At present, entrustment is documented either retrospectively—ad hoc decisions languaged briefly as data points so as not to disrupt the flow of work-based training—or prospectively—summative decisions languaged as formal enactments of entrustment, predicated on prior evidence and collective deliberation. In both cases the scales used are linguistically spare and so raise questions about how much and what kinds of explicitness should accompany them. If we acknowledge that tacit judgments are a strength in formal assessment, then we need to better understand how they can be harnessed meaningfully and responsibly by the linguistic artefacts (and related practices) we employ to support fairness and accountability5. We need to ensure those artefacts contribute to good assessment, not through the strict policing of judgment such that it risks being quelled, but as tools for organizing assessors’ thoughts and feelings and for negotiating shared ground among stakeholders.
If it is accepted that high quality assessment should include implicit expert judgment, then medical education will have to let go of the expectation that all assessment can and should be fully and at all times explainable, let alone documentable. Demands for transparency should not come at the expense of knowledge that is not easily expressible in words (and certainly not always moldable into predefined categories of a proficiency checklist) but that is nonetheless key to determining a learner’s readiness for entrustment with a critical task or, indeed, with a license to practice, for that is the ultimate task of assessment. If such knowledge is disregarded, the quality of entrustment decisions may suffer. A transcript of scores, a checklist of achievements, or the knowledge that a trainee has spent the required number of months or years in training are, at best, limited justifications for that trust. When it comes to entrustment decisions, then, whether ad hoc by individual supervisors or summative around a committee table, a climate of “trust in trusters” must supplement the available “objective” information.
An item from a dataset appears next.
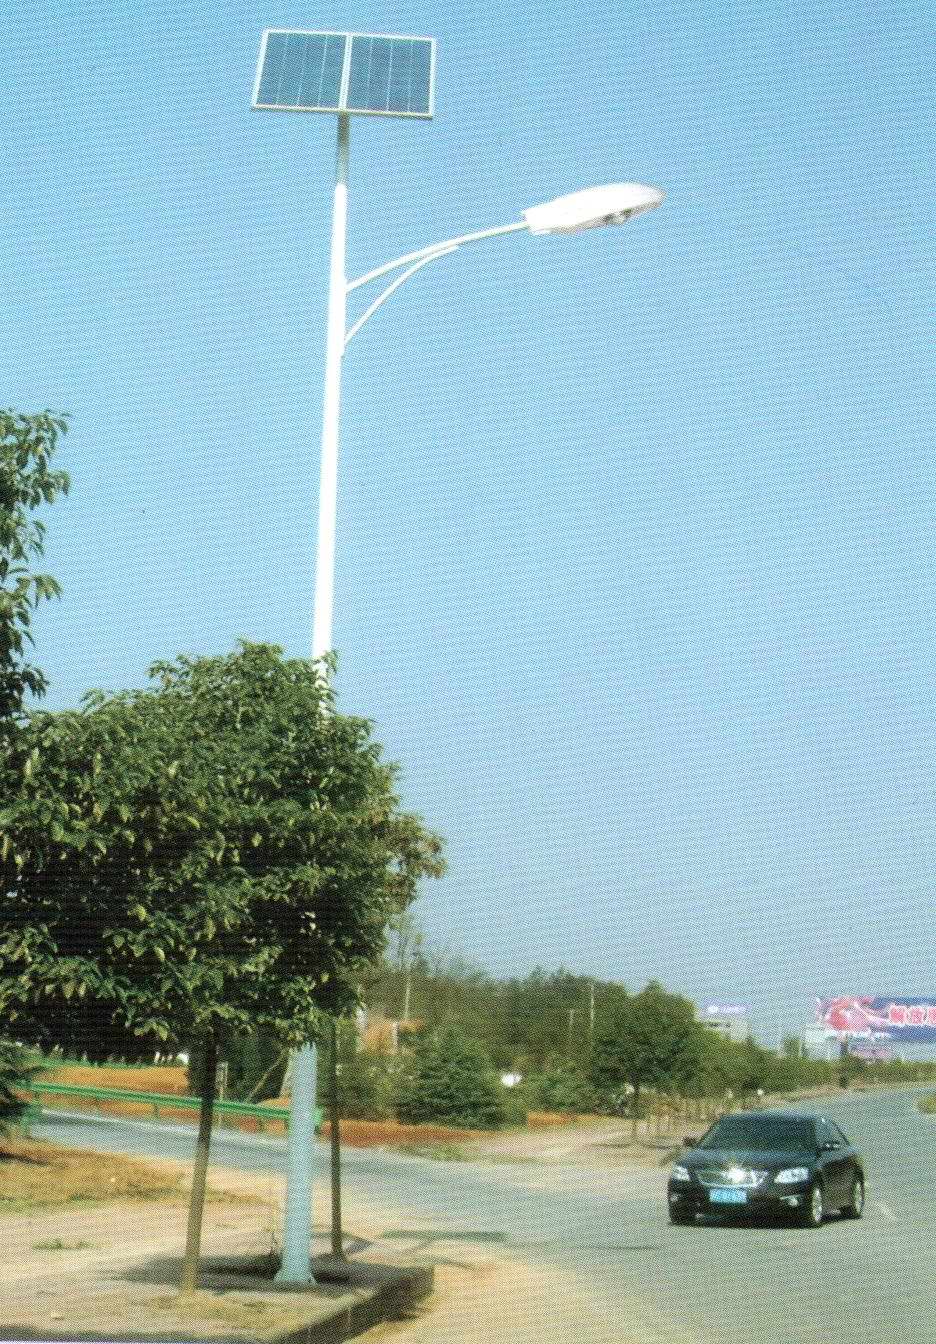 这是开封路灯厂家跟我们特殊定制的样式，在当地非常流行，成为开封新农村标准路灯样式

Trust involves the acceptance of risk. Trusting medical trainees to work by themselves, either deliberately during training for distinct EPAs or at the moment of licensing or specialty certification for the breadth of a whole profession, expresses the educator’s or the institution’s acceptance of associated risks. Ultimately there are no guarantors of competence, only evidence that can inform the risk taken in declaring someone competent. Expert judgment is certainly not infallible as evidence, and experts differ in their judgments. However, to limit evidence in assessment only to knowledge that can be fully and formally languaged would be naïve and would impoverish assessment.
A. van Enk and O. ten Cate declare that they have no competing interests.